Interesting question. For clarity, there's a lot you can do wrong with testing this, because Java does stuff with strings that might influence the results. So let's start with building a proper test.

Constructing your test

Specifically: a proper test doesn't rely on the loadstring, because that influences memory allocation. You want to make a test using dynamically constructed strings.

The 10-log of your integer (e.g. the length of the string) will influence the test outcome. The longer the string, the longer Integer.tryParse will take. If you have a longer string, it will need to calculate more div/mul and take longer. An additional thing that influences performance is the '-' sign. If you have unsigned integers, this should be taken into account.

Basically measuring means:

  • Create strings with the proper length (depends on your data!!!). More strings = better
  • Create fail/pass an integer array that matches (or doesn't) with the string array.
  • Garbage collect.
  • Test with those two arrays.

Be sure to make a huge array for this during the test, so that your tests won't be influenced. Also make sure that the integers / random numbers that you use have the same characteristics as your data... Because of this, I cannot execute the tests for you, so I'll just stick to the theory.

String to integer equality

It helps to know how string to integer conversion works, so let's start with a blunt solution and work our way up. I currently don't have Java on my laptop, so I'm sorry for the C# syntax :-) You should be easily able to fix it though...

public int ConvertStringToInt(string s)
{
    int val = 0;
    if (s[0] == '-') // 1
    {
        for (int i = 1; i < s.Length; ++i )
        {
            if (s[i] >= '0' && s[i] <= '9') // 2
            {
                throw new Exception();
            }
            val = val * 10 + s[i] - '0';
        }
        return -val;
    }
    else
    {
        for (int i = 0; i < s.Length; ++i)
        {
            if (s[i] >= '0' && s[i] <= '9')
            {
                throw new Exception();
            }
            val = val * 10 + s[i] - '0';
        }
        return val;
    }
}

If you know for a fact that the numbers in the string are never negative, you can of course drop the condition 1. Also, if you know for a fact that the string is always a number (which is IMO implied in your question), you can optimize 2. A little trick that I usually use is to use arithmetic overflows to generate large unsigned numbers, which in turn removes an additional condition from 2. You'll end up with:

public int ConvertStringToInt(string s)
{
    int val = 0;
    if (s[0] == '-')
    {
        for (int i = 1; i < s.Length; ++i )
        {
            val = val * 10 + s[i] - '0';
        }
        return -val;
    }
    else
    {
        for (int i = 0; i < s.Length; ++i)
        {
            val = val * 10 + s[i] - '0';
        }
        return val;
    }
}

Next up, you want equality instead of conversion. So, how lazy can we evaluate this? Well, we need to parse pretty much all of the string before we can do the check. The only thing we know is that if we encounter a '-' char, we also need a negative integer. I ended up with this:

public bool EqualsStringInt(string s, int value)
{
    int val = 0;
    if (s[0] == '-')
    {
        if (value >= 0) { return false; } // otherwise we expected another char

        for (int i = 1; i < s.Length; ++i )
        {
            val = val * 10 + s[i] - '0'; // s[i] must be a char between '0'-'9' as implied by the question.
        }
        return (-val) == value;
    }
    else
    {
        if (value < 0) { return false; } // otherwise we expected another char

        for (int i = 0; i < s.Length; ++i)
        {
            val = val * 10 + s[i] - '0';
        }
        return val == value;
    }
}

Integer to string equality

I've written a bit of code in the past for C++ that converts integers to strings here: C++ performance challenge: integer to std::string conversion . There are some good solutions here as well that might be worth considering if you're really looking for performance.

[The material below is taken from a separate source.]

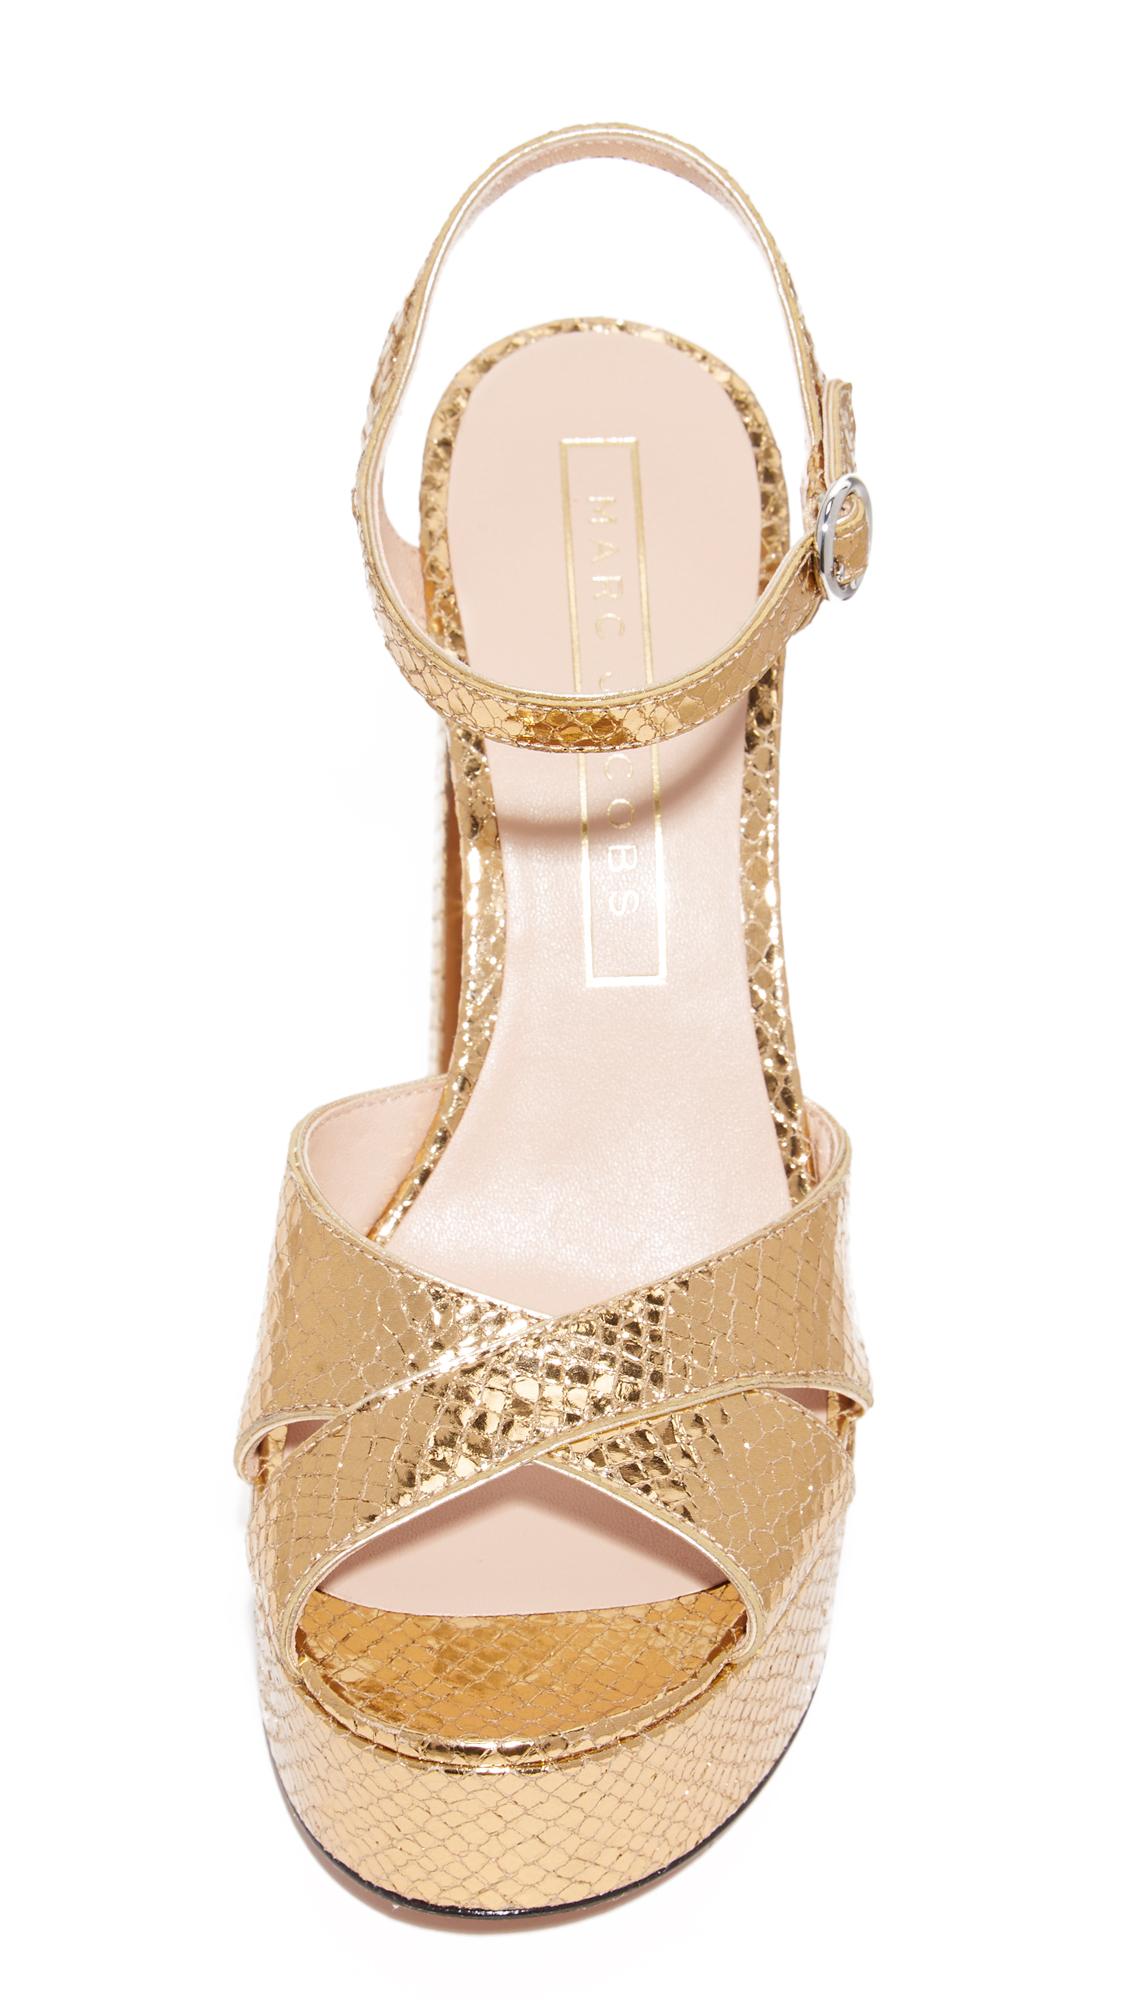 31fbefa8bddd Marc Jacobs Lust Platform Sandals

Just checking equality is easier than that though. If you look closely at the algorithm, you'll notice:

  • Buffer overallocation. You don't need that. your tests WILL go wrong here if you don't wait for the GC and/or use static strings to seed the process!
  • Buffer reallocation. If you've filled the buffer sequentially, you need to invert it as well. If you don't want for GC, this will influence the test outcome!

Both of these should be time consuming in the long run, and both of them will influence your tests.

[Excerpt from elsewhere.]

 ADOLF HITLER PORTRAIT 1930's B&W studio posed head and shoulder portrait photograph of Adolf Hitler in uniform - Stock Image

At this point, it's interesting to note that you don't really need the complete string though - you just need a single character. So, let's work with that:

  • Equality fails if the sign doesn't match
  • Equality fails if the first character doesn't match
  • Equality succeeds if all characters that are generated are the same.

Or, in code:

public bool EqualsIntString(int value, string s)
{
    if (s.Length == 0) { return false; } // This is never good.
    if ((s[0] == '-' && value >= 0) || (s[0] != '-' && value < 0)) { return false; } // positive/negative check

    // Define the limit. This is basically the end of the string to check.
    int limit = 0;
    if (value < 0) // 1
    {
        limit = 1;
        value = -value;
    }

    for (int i=s.Length-1; i>=limit; --i)
    {
        char expected = (char)('0' + (value % 10)); // the modulo will be optimized by the JIT because 10 is a constant
        value /= 10; // same story.

        if (s[i] != expected) { return false; }
    }
    return true;
}

Again, if you don't have negative numbers, do the obvious optimization. by removing 1.

Can you do even faster? Well yes... that's why I posted the C++ link in the first place. Most of these algorithms can easily be adjusted for this 'equality' case.

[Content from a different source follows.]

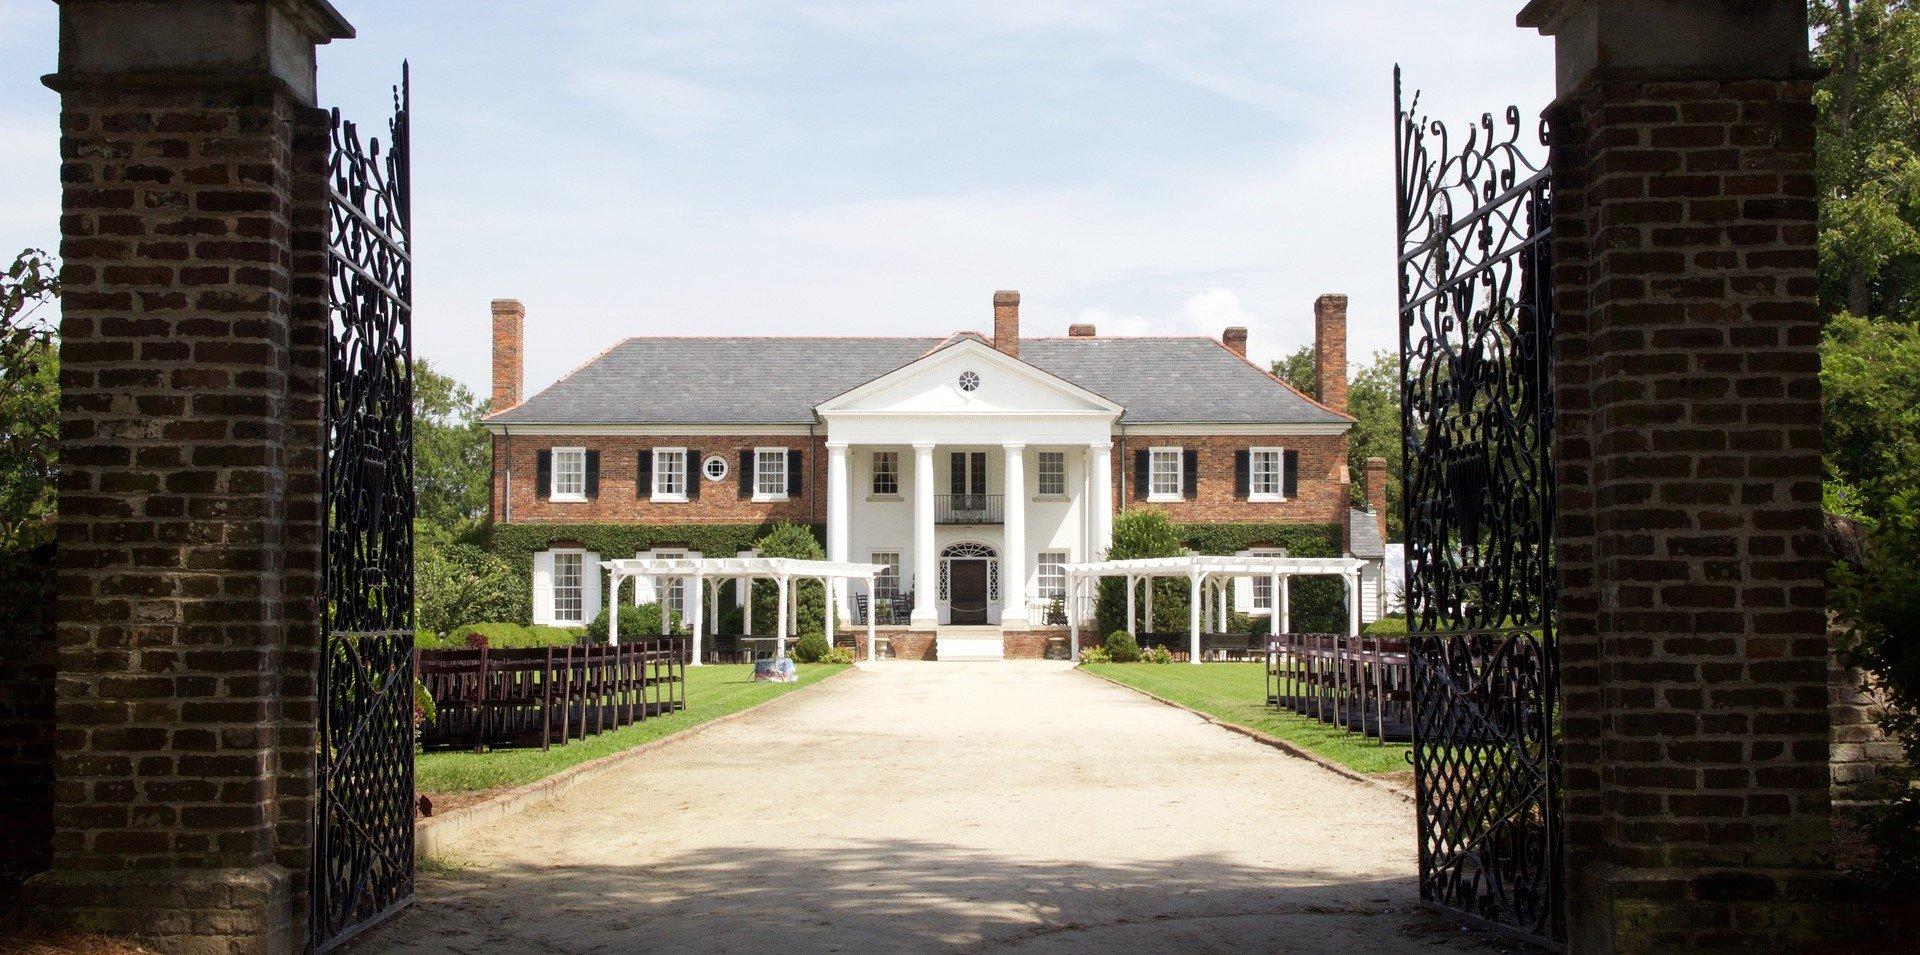 Old House in South Carolina - VeteranCarDonations.org

Optional optimizations for the last solution

You can use a 10log to determine the length of the string. This implies a lower and an upper bound value to the integer. A simple lookup table can do this for you. However, 10log is quite slow if not properly implemented, so be sure to test this!

Which one is faster

Construct a proper test, and test it. I tried to test it here, but don't have the characteristics of your data, which I expect to make a difference.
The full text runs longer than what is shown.